1947 Marcel Thourel dans le Tarn
Après Pérec je suis toujours dans les livres et je retombe sur celui-ci de Thourel (plus de 50 euros sur internet !). Je retrouve la dédicace émouvante, la liste des souscripteurs qui constituent une belle famille sur Montauban et je retiens ce passage du bouquiniste dans le Tarn. Je rappelle juste qu'en 1945 l'ouvrier boulanger qu'il avait été avant la guerre a décidé, avec rien, de devenir bouquiniste et grâce à Dominique Porté dont la thèse est sur internet on a ce beau témoignage.

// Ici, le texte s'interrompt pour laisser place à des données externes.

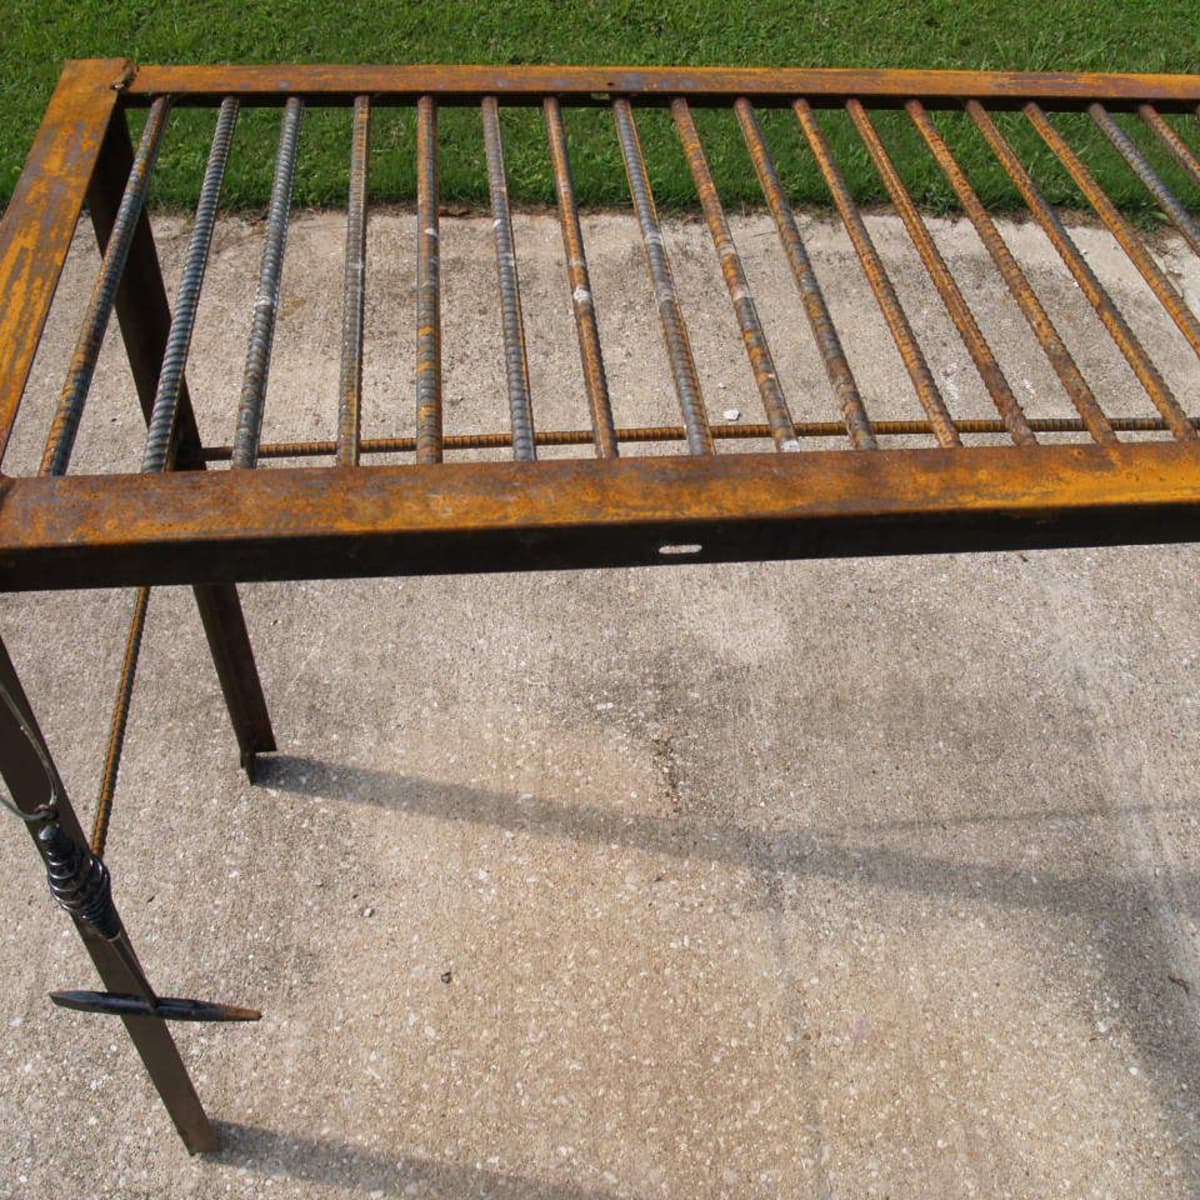 How to Build a Welding Table From Rebar and Bed-Frame Metal - FeltMagnet

Jean-Paul Damaggio
P.S. Sur la photo on a l'outil qu'il avait inventé au début mais ce n'est pas lui qui est sur la photo
Texte de Marcel Thourel
[nous sommes en 1947 et Marcel tente une nouvelle expérience]

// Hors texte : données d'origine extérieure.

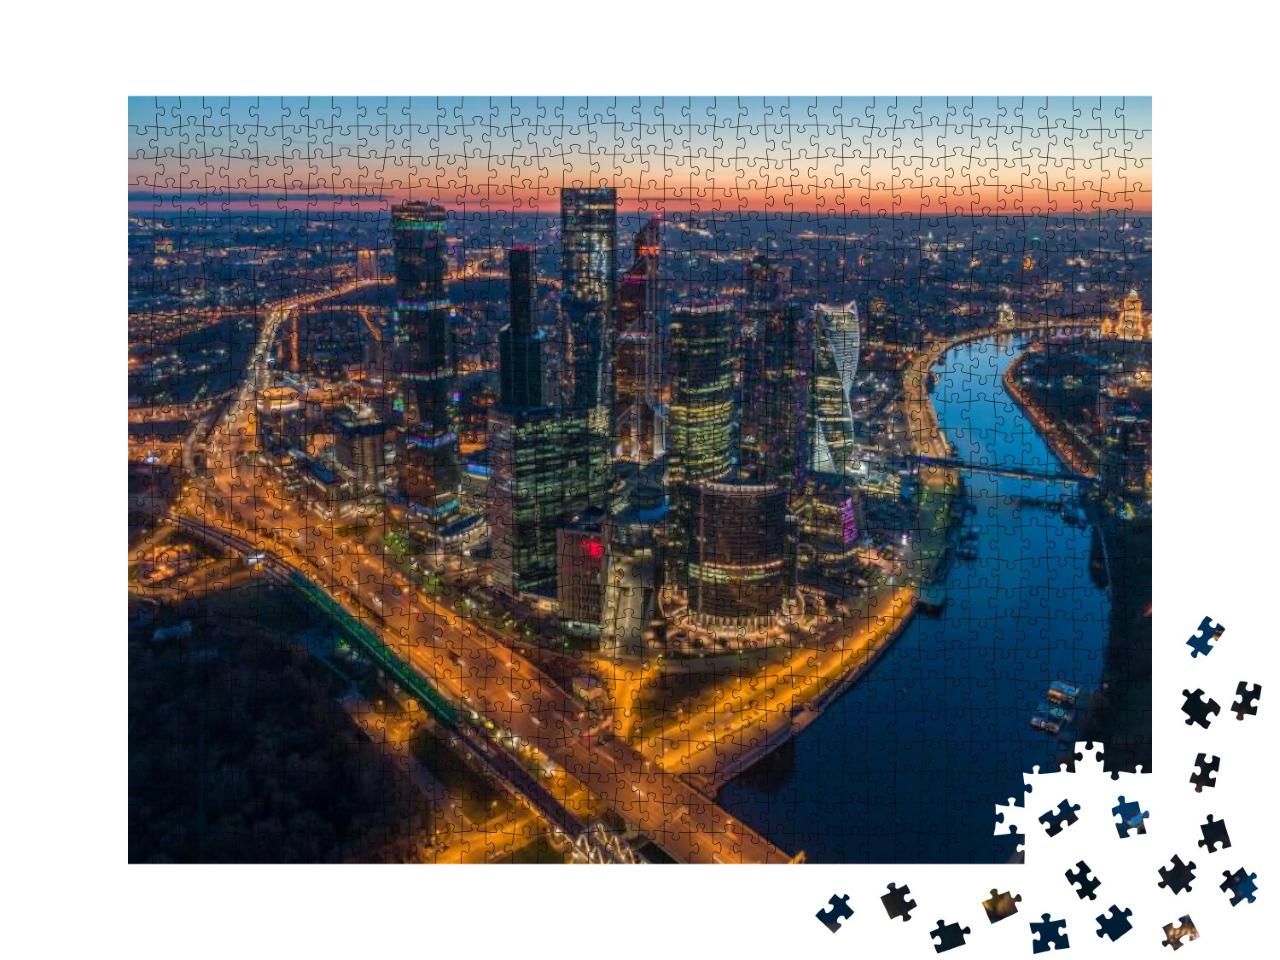 Moscow City International Business Center At Twilight & M... Jigsaw Puzzle with 1000 pieces

Mon choix s’était porté sur le département du Tarn, en raison de la proximité, mais surtout parce qu’il comptait quelques grandes villes importantes susceptibles de fournir une clientèle potentielle. Enfin la chance voulait que les marchés hebdomadaires de ces villes se suivent sans interruption sur quatre jours de la semaine. Nous quittions Montauban le jeudi matin pour nous installer pour ja journée sur le marché de Graulhet, ville de 14 000 habitants dont la mégisserie constitue l’activité essentielle. Une clientèle intéressante. de nombreux livres donnés en location pour la semaine, et d'autres clients, fonctionnaires ou cadres, prenant plaisir à venir bouquiner en achetant au hasard de leur découverte. Je me souviens d'un poète, dont l’œuvre révélait un certain talent, qui ne manquait jamais notre passage dans sa ville. Autre particularité de cette ville, une étrange odeur, conséquence de son industrie, qui, certains jours, était assez désagréable, mais de laquelle les indigènes semblaient s’accommoder.
Nous quittions Graulhet à la fin du marché, vers 17 heures, pour rejoindre Carmaux. Nous passions la soirée et la nuit à une dizaine de kilomètres de cette ville, sur un emplacement aménagé en bordure de la route. A la bonne saison, nous préparions le repas sur place, composé essentiellement de conserves, mises à réchauffer au bain-marie dans l’eau retirée du radiateur.
Le matin, de bonne heure, nous nous installions à notre emplacement habituel sur la place Jean-Jaurès. Le bassin minier étant à ce moment en pleine exploitation, nous faisions dans cette ville de bonnes recettes. Si je n’ai acheté qu’une seule bibliothèque, d’un contenu moyen, dans les environs, par contre, mon passage à Carmaux m’a permis de connaître un homme de grande érudition : Monsieur Naves, avec qui je suis resté très longtemps en relation. Autre conséquence des relations établies : bien des années après, j’ai pu acquérir les archives du conventionnel J.-P. Pezous qui figurèrent pendant un temps en annexe de mes catalogues. Le soir, nous prenions la route de Castres où nous campions, dans les mêmes conditions que la veille, aux approches de cette ville industrielle aussi importante, sinon plus, que le chef-lieu du département.
Nous placions notre « bibliobus » sur la place Carnot. Très bon emplacement visible de loin, de nombreux et fidèles clients, en particulier un prêtre de la région, très populaire dans le monde du rugby. Le soir, repas au restaurant sur une placette où nous passions la nuit dans le camion.
Le dimanche matin, nous prenions place sur le large trottoir devant une banque de Mazamet.
Cité de 15 000 habitants considérée comme le centre mondial du délainage, ville riche qui, disait-on, était la deuxième après Paris pour le volume de son chiffre d’affaires. Mais était-ce vrai ou exagéré ? Tant il est vrai qu’on a l’habitude de « ne prêter qu’aux riches ».
A cette époque, l’argent ne semblait pas manquer, les livres non plus. Outre les bonnes recettes, d'excellentes relations entretenues par la suite me permirent, ici comme ailleurs, grâce à notre passage régulier pendant deux années, de glaner pas mal de livres et quelques bonnes bibliothèques sur l’ensemble du département. Je ne citerai pour mémoire que l’acquisition, dans le Tarn, de la collection complète de L’ami du peuple de Marat, dans sa reliure d’époque. Nul doute que si l’ami Michel Bernstein (dont il sera question plus loin) lit ces lignes, elles lui rappelleront quelques souvenirs heureux.
Rentré à Montauban, il ne me restait que les trois premiers jours de la semaine pour m’occuper du reste de mes affaires, notamment de mes catalogues de publication mensuelle, et recevoir des clients au local commercial aménagé, rue de la Comédie. Ne pouvant tout mener de front, malgré un travail harassant de 12 à 14 heures par jour, je dus rapidement procéder à un allégement.